Our objective was to create a new initiative to highlight the incorrect searches and get as many people as possible report them to the search engines so they could be corrected, and the achievements of sportswomen would become visible.

Describe the creative idea

The internet’s bias is a problem that directly affects half of the population. As well as different sports, teams, fanbases, athletes, countries, and the billions of people who use search engines every single day. Our idea inspired this huge audience to take action.

We created an initiative that used the power of the people to right the wrongs of the internet and make the achievements of sportswomen visible.

The only way to correct search engines is by people sending feedback when they find inaccuracies. So we developed a tool that highlighted the incorrect searches that create the bias, and allowed people to report them with just a couple of clicks. New incorrect searches were revealed each day, showing the world the problem and inspiring them to take action. And this led to the search engines receiving feedback reports on a scale that made them take action too.

Describe the strategy

Internally, this problem has been on search engine radars for years, with many teams experimenting solutions.

Monetised opportunities often take priority, so these teams struggle securing resources to implement solutions.

To make them prioritise this problem, we focussed on:

-External pressure (PR/awareness) on marketing/business, targeting the ‘trust’ pillar of brand health tracking which we know is monitored.

-Internal engineering pressure via bug reports from millions of users, to prioritise our corrections.

We conducted an audit of simple, non-gendered searches across Google, Bing, Yahoo & Baidu, collecting search results that used incorrect statistical data to create bias. We quickly discovered 50+ incorrect searches and added them to our tool for people to report.

With 50+ inaccuracies that affected different countries, sports, teams, and athletes, we revealed new stats each day until we saw change, each targeting a new audience, creating enough internal and external pressure for the search engines to act.

Describe the execution

To get the attention of the search engines, we needed people power to deliver the feedback highlighting each inaccuracy to each search engine.

We launched with a film that showed the reality of what happens when a little girl asks the internet a question and receives an answer that incorrectly puts a sportsman ahead of a sportswoman. This film quickly spread around the world, inspiring people to act.

This led them to the online tool we developed to highlight the incorrect searches and allowed people to report them as direct feedback messages with just a couple of clicks.
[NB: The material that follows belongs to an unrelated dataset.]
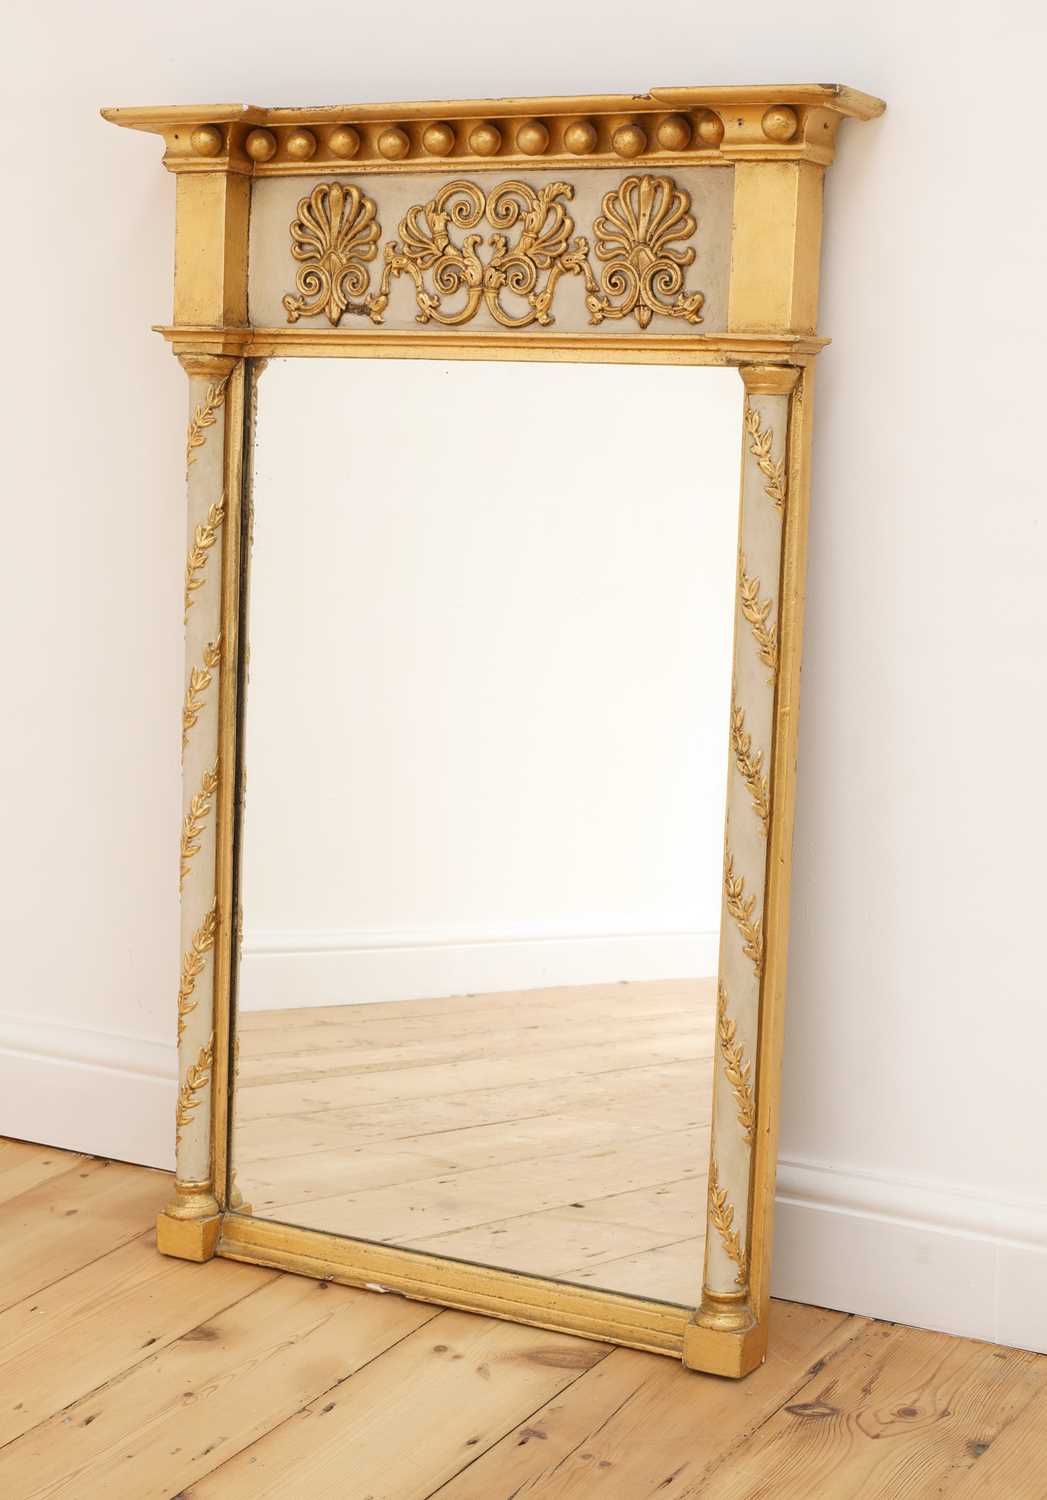 Lot 74 - A Regency-style gilt and painted pier mirror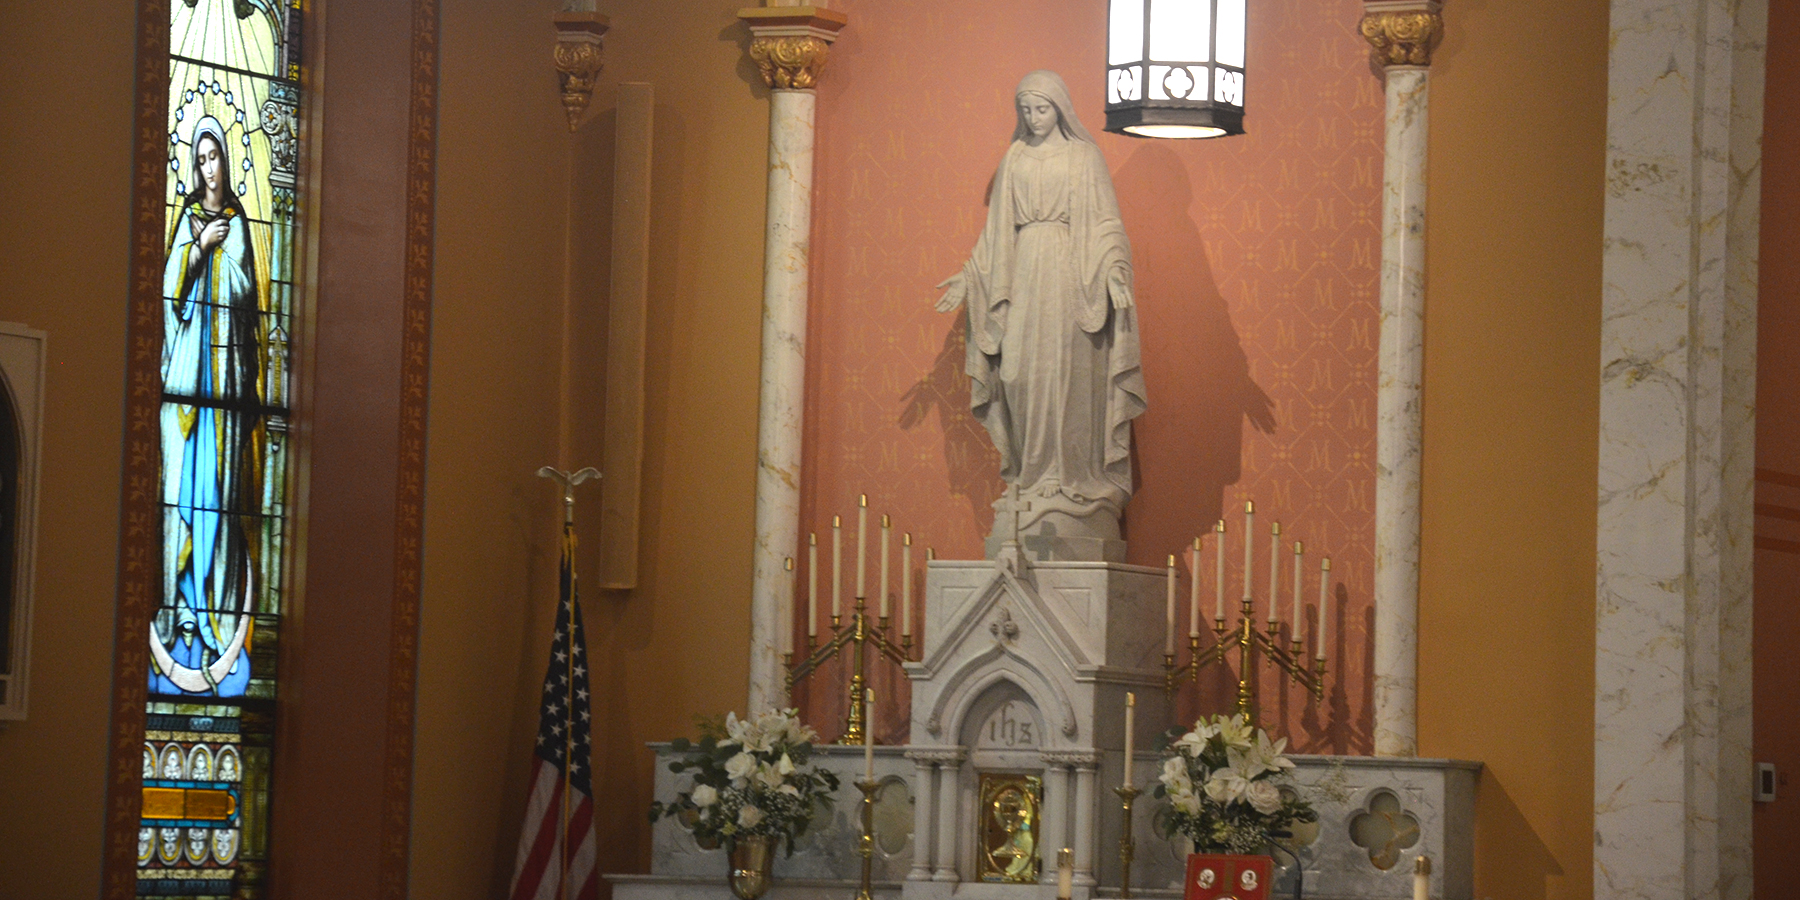 The side altar of the Blessed Virgin Mary

New incorrect search results were revealed each day across social, digital, and OOH, and shared globally. Each targeted a new audience, building us a following of athletes, sports teams, advocacy groups, media and the public, which led to more and more reports being made and saw search engines take action.

List the results

Our campaign reached over 1 billion people globally.

Was shared by hundreds of athletes and influencers, including Billie Jean King, Alex Morgan & Andy Murray.

Had 120+ pieces of media coverage, including BBC, NBC, Fox News, Sky Sport & Forbes.

Millions of people reported to search engines through our tool, social channels, and the media.

And we’re now supported by over 50 global brands, including the United Nations.

When we started, the search results never showed sportswomen.

Now, a problem that has existed within search engines for decades has new momentum and is being solved, with Google deploying new features to highlight women’s sport, offering both male and female results on searches.

And now, Correct The Internet is part of UK/international government enquiries into misinformation, to help change the future of the internet.

Please tell us how the brand purpose inspired the work.

Currently, women’s sport receives just 0.4% of media coverage and 4% of total sponsorship.

Team Heroine is a women’s sports marketing agency that seeks to connect female athletes with brands and rights holders, unleashing the power of women’s sport, and ensuring they get the recognition they deserve.

Now, with Correct The Internet, the achievements of women's sport is getting the recognition it deserves on the biggest platform - the internet.